I need to do joins and anti-joins on the attribute 'sid' on large lists of dictionaries of the form:
systolic_sex = [
{'attribute': u'bp', 'value_d': 133.0, 'value_s': u'133', 'sid': 6},
{'attribute': u'bp', 'value_d': 127.0, 'value_s': u'127', 'sid': 17},
{'attribute': u'bp', 'value_d': 121.0, 'value_s': u'121', 'sid': 18},
{'attribute': u'bp', 'value_d': 127.0, 'value_s': u'127', 'sid': 27},
{'attribute': u'bp', 'value_d': 120.0, 'value_s': u'120', 'sid': 42},
{'attribute': u'SEX', 'value_d': 0.0, 'value_s': u'M', 'sid': 6},
{'attribute': u'SEX', 'value_d': 0.0, 'value_s': u'M', 'sid': 17},
{'attribute': u'SEX', 'value_d': 0.0, 'value_s': u'M', 'sid': 18},
{'attribute': u'SEX', 'value_d': 0.0, 'value_s': u'M', 'sid': 27},
{'attribute': u'SEX', 'value_d': 0.0, 'value_s': u'M', 'sid': 42}
]
sex = [
{'attribute': u'SEX', 'value_d': 0.0, 'value_s': u'M', 'sid': 6},
{'attribute': u'SEX', 'value_d': 0.0, 'value_s': u'M', 'sid': 17},
{'attribute': u'SEX', 'value_d': 0.0, 'value_s': u'M', 'sid': 42}
]
where the join would produce matches by 'sid' between the two sets of the form
join = [
{'attribute': u'bp', 'value_d': 133.0, 'value_s': u'133', 'sid': 6},
{'attribute': u'SEX', 'value_d': 0.0, 'value_s': u'M', 'sid': 6},
{'attribute': u'bp', 'value_d': 127.0, 'value_s': u'127', 'sid': 17},
{'attribute': u'SEX', 'value_d': 0.0, 'value_s': u'M', 'sid': 17},
{'attribute': u'bp', 'value_d': 120.0, 'value_s': u'120', 'sid': 42},
{'attribute': u'SEX', 'value_d': 0.0, 'value_s': u'M', 'sid': 42}
]
and the anti-join would give everything in the set systolic_sex NOT in sex (as matched on the attribute 'sid'):
anti_join = [
{'attribute': u'bp', 'value_d': 121.0, 'value_s': u'121', 'sid': 18},
{'attribute': u'SEX', 'value_d': 0.0, 'value_s': u'M', 'sid': 18},
{'attribute': u'SEX', 'value_d': 0.0, 'value_s': u'M', 'sid': 27}
]
To do this, I used the isin
function of Pandas as follows for the join:
right = pd.DataFrame(sex)
left = pd.DataFrame(systolic_sex)
# get matches
matches_right = right[right.sid.isin(left.sid)]

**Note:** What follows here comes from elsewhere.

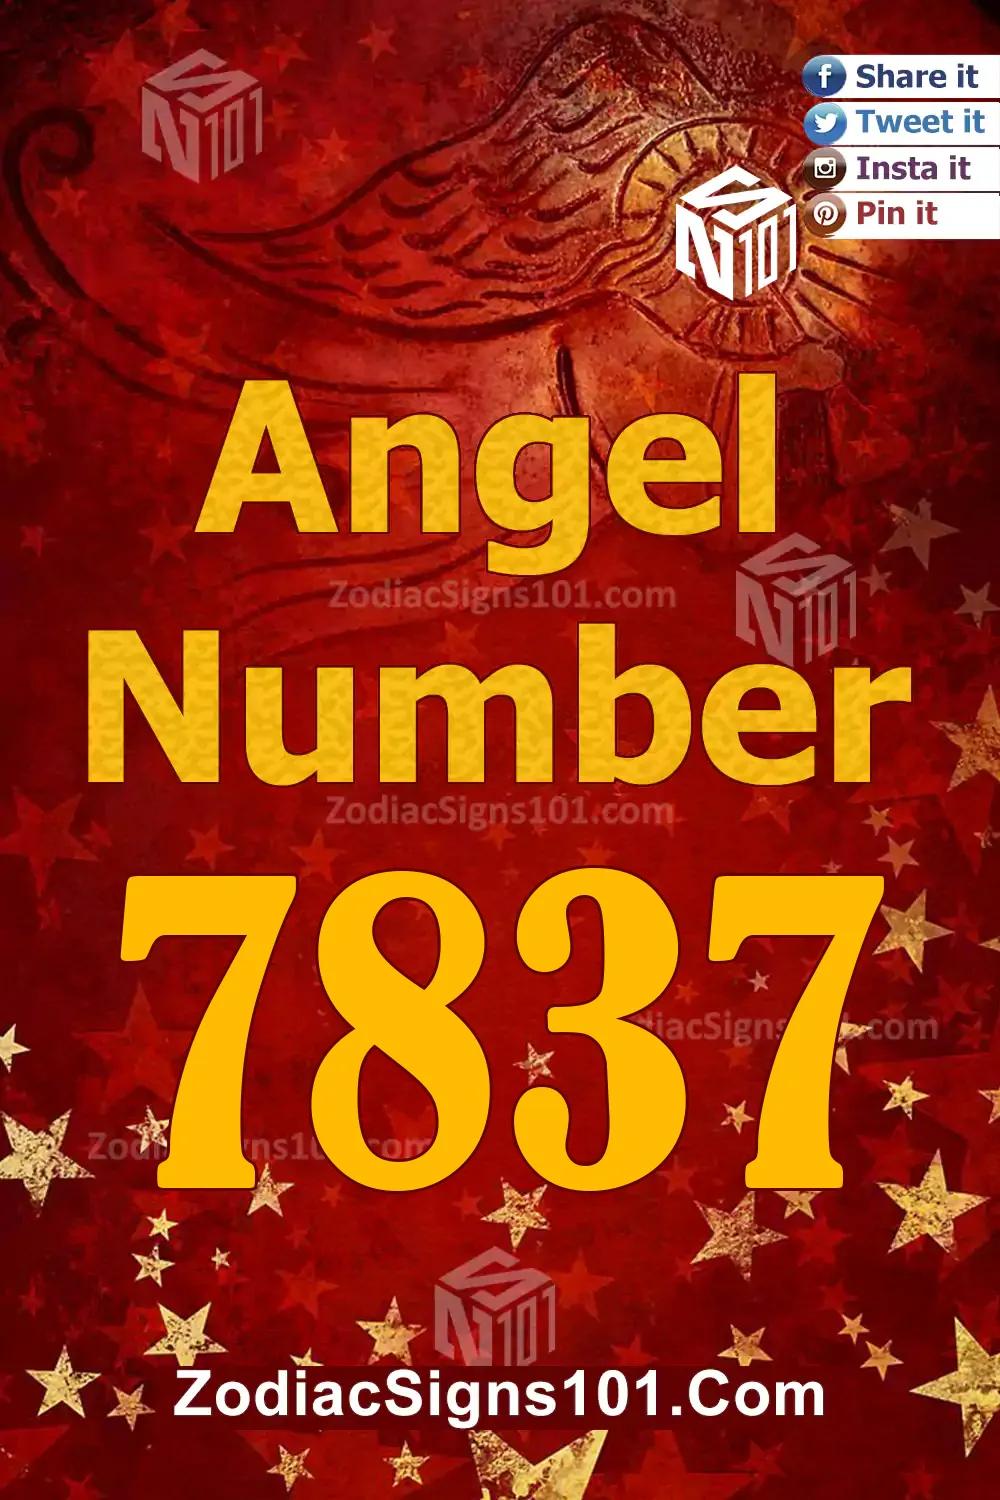 7837 Angel Number Meaning

matches_left = left[left.sid.isin(right.sid)]
# combine matched sets into single set
frames = [matches_right, matches_left]
# convert back to list of dictionaries
test = pd.concat(frames).drop_duplicates().to_dict(orient='records')
and for the anti-join:
right = pd.DataFrame(sex)
left = pd.DataFrame(systolic_sex)
# find complement where items in left not in right
frames = left[~left.sid.isin(right.sid)]
# convert back to list of dictionaries
test = frames.to_dict(orient='records')
This work fine and dandy, but my record sets are huge, and this takes a while to chug through.
I was digging around for ways of optimizing this, and tried using cython and numba, but, when the execution times using numba, cython, and the code without either were roughly the same, I did some digging and found the isnum
uses cython anyway, so that was a dead end.
I played around with merge
and join
from the Pandas library, but the output is not in a format I wanted in terms of column names and thus working with this would be way too futzy.
My next attempt would be to try Numpy indexing, along the lines of this thread: efficiently-select-rows-that-match-one-of-several-values-in-pandas-dataframe, but I am not exactly sure how to implement my particular use case (any pointers would be most welcome).